Based on the mechanism of the UN neural attention network ( & Shulman, 2011), we sequentially formed a treatment network of the right inferior parietal lobule, temporal lobe, and prefrontal lobe to better improve the symptoms of neglect. In our study, patients in group A received multi-site tDCS stimulation. After 15 sessions of treatment, BIT-c and DI scores were significantly higher than before treatment, and the results were statistically different, BIT-c and DI have a statistical difference compared with the control group after treatment, indicating that multi-site tDCS can effectively improve the symptoms of UN after stroke. Although the results of all evaluation indexes in experimental group A were better than those in experimental group B, there was no significant difference between the two groups (P > 0.05). Although this result did not show that the effect of multi-site tDCS in the treatment of UN was better than that of single-site tDCS, it also showed a certain trend. The lack of statistical difference may be related to the insufficient sample size, and the sample size can be expanded in future studies to further compare the two stimulationmodes.

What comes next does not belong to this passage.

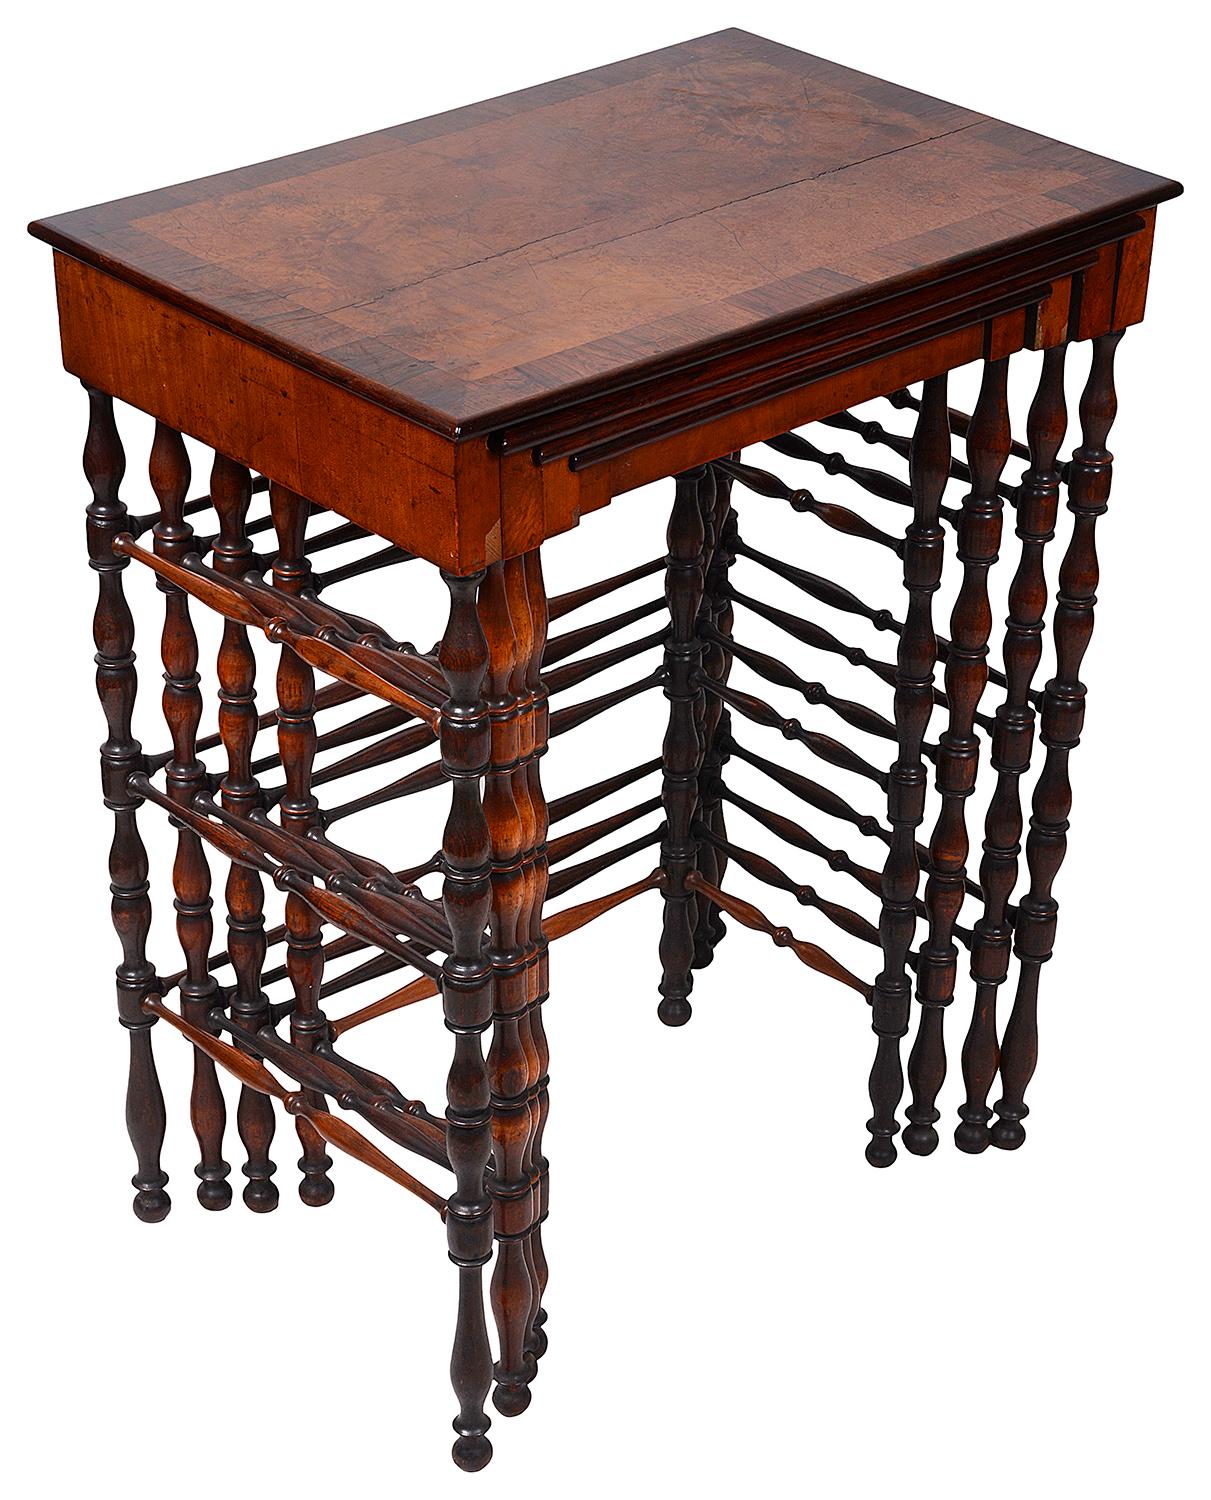 Eine feine Qualität Nest von vier Tischen in verschiedenen Exemplaren Holz furniert auf Mahagoni, ein Tisch ist ein Spieltisch, auf Ring gedreht unterstützt und Bahren zwischen.
Nach dem Vorbild von Gillows.

This study had some limitations, due to the limited sample sizes, there was no significant difference in the results of the two stimulation modes. In addition, due to the short hospital stay, this study only compared the results before and after treatment and failed to conduct a longer-term observation of the efficacy. In future research, we will expand the sample size to further compare the therapeutic effects of the two stimulation modes, conduct more detailed grouping and research on the UN phenomenon, and pay attention to its long-term therapeutic effects. In terms of evaluation methods, combined with objective indicators such as diffusion tensor imaging and event-related potential, the treatment effect of UN is further evaluated.
Conclusions
Transcranial direct current stimulation combined with cognitive training can improve the neglect symptoms of stroke patients, and the effect is significantly better than pure cognitive training. Additionally, both single-site tDCS and multi-site tDCS have therapeutic effects on UN after stroke, and the difference in the therapeutic effects of the two modes still needs to be further explored.
Footnotes
Acknowledgments
The authors would like to thank the staff of the rehabilitation and neurology departments at Hebei General Hospital, Shijiazhuang, China for their support.
Conflict of interest
The authors declare no conflict of interest.
Funding
The study was funded by the Research Program of Hebei Provincial Administration of Traditional Chinese Medicine (2021168).